# green cleaning



## Ninn (Oct 28, 2006)

OK, so I finally ditched those disposable cleaning wipes in the bathroom. Went ahead and went back to using a rag and a bucket. Worked just fine. However, I did run into one _tiny_ little problem. It seems that when it becomes a habit to throw your cleaning wipe into the toilet at the end of the job and flush it, you automatically do the same with the cleaning rag. Which does NOT flush well. Seriously. Don't flush your cleaning rags. They are not flushable...............roflmbu!!!!


----------



## Woodpecker (Mar 8, 2007)

Glad you are green cleaning. That is too funny!


----------



## cow whisperer (May 3, 2007)

Ninn, that is just WAY TO FUNNY.... 

*where have you been hiding yourself? we've missed ya....


----------



## lickcreek (Apr 7, 2006)

I've done that more times than I want to count. And I DON'T use the disposables, so I don't even have that habit to blame it on  I just get in a hurry and dump the bucket in the stool, along with handy-dandy rag and before you know it, all of it is sucked down the drain! 

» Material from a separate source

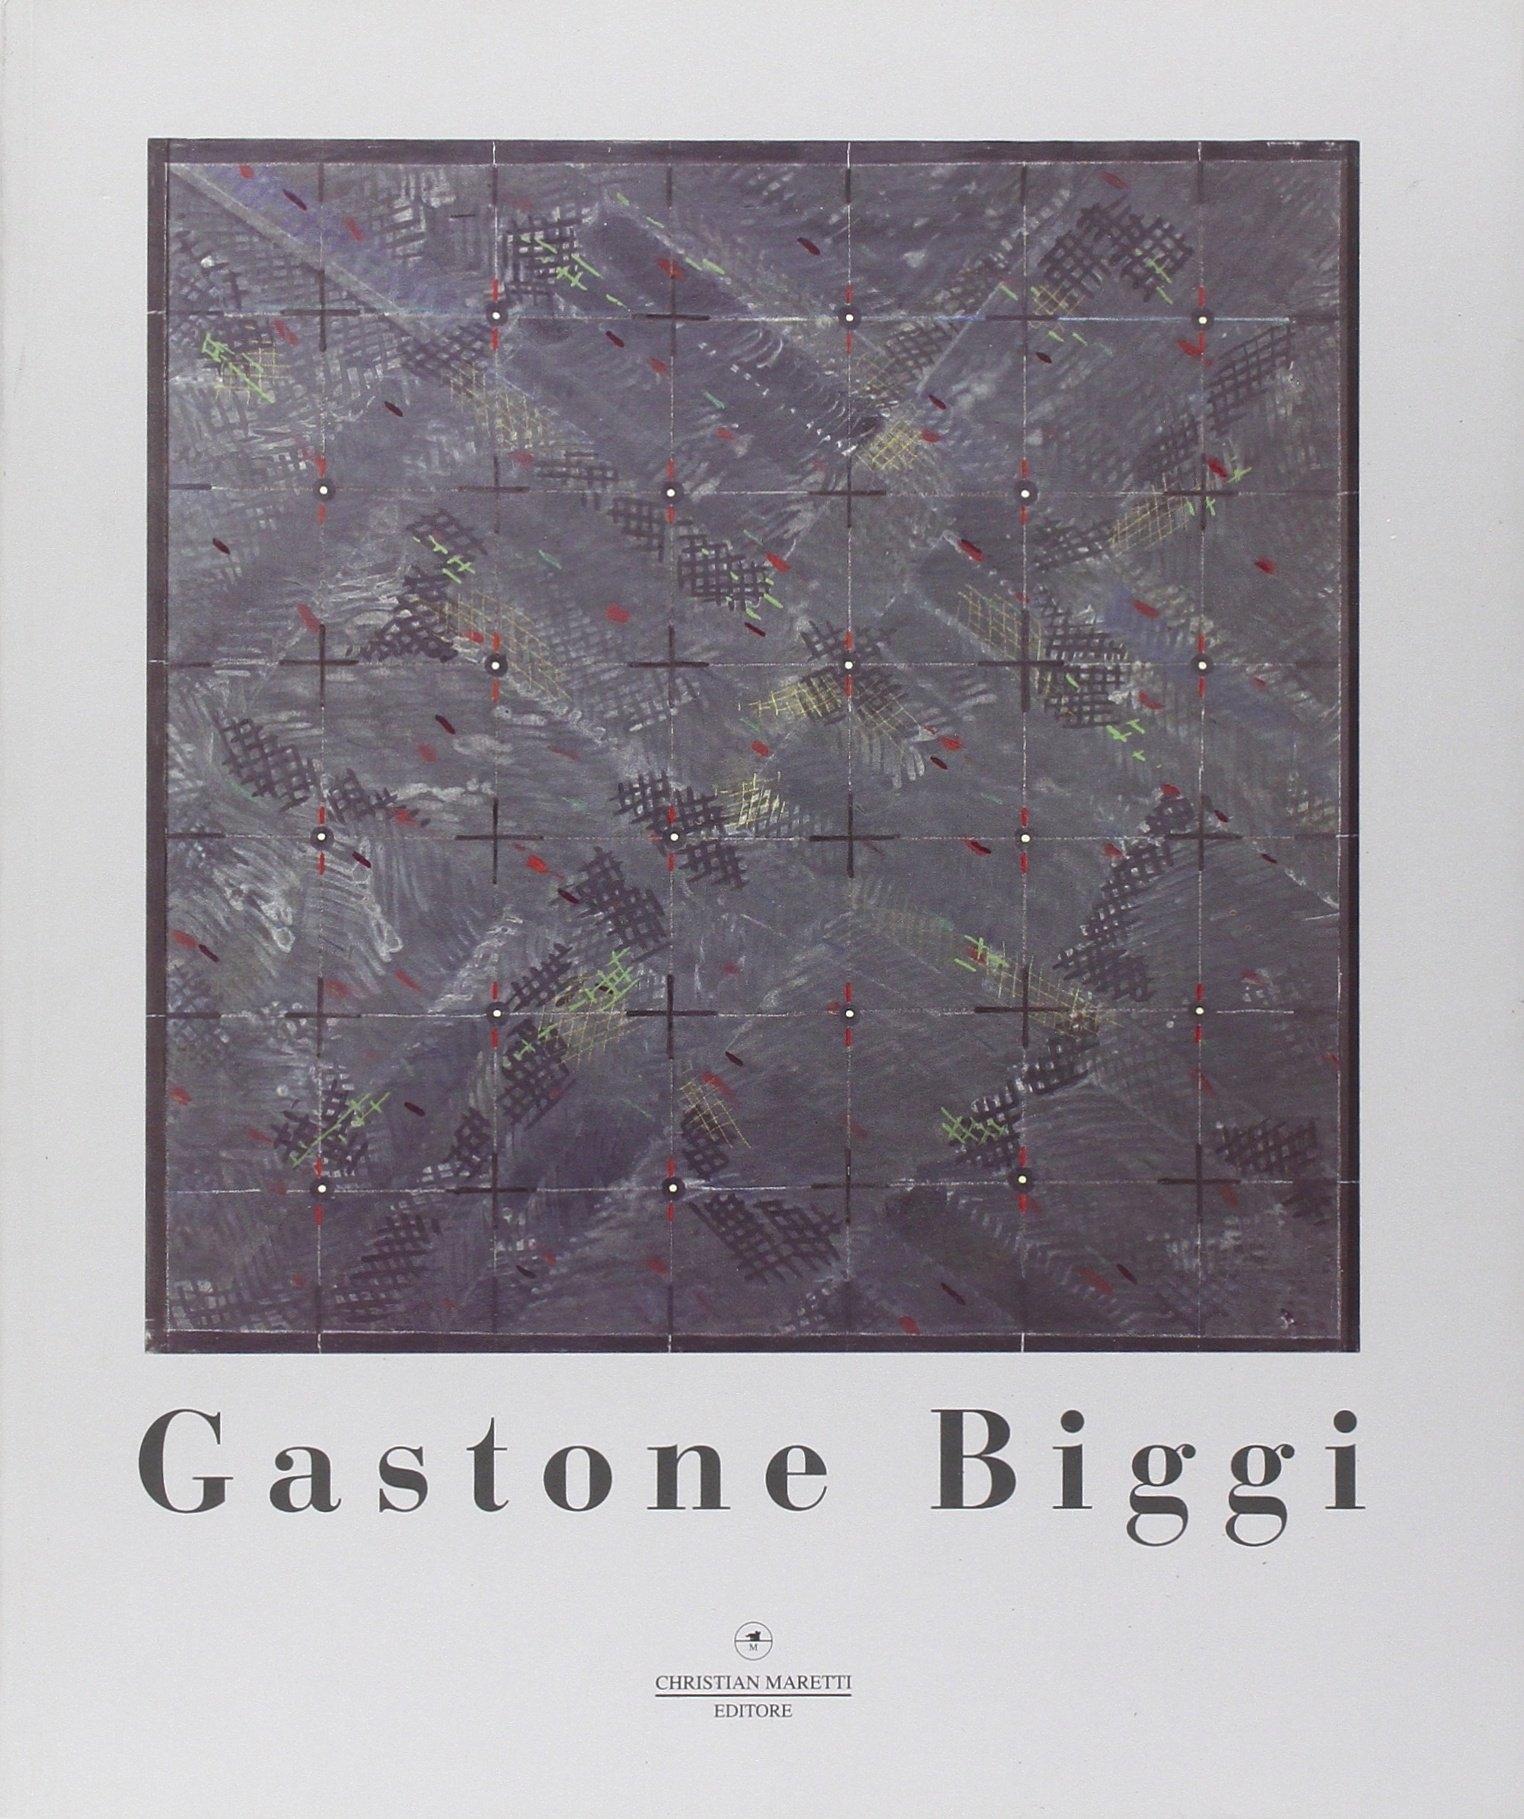 Gastone Biggi

Fortunately, my cleaning rags are nothing to brag about, pretty thin and sad looking, and so far none have plugged the drain!


----------



## DKWunlimited (Sep 11, 2006)

I have to admit that I still use paper towels, however since I now use "green" earth friendly cleaners, I throw the paper in my compost pile. I know, I know sill using paper, but I tried to weigh it against having to wash the dirty rags.


----------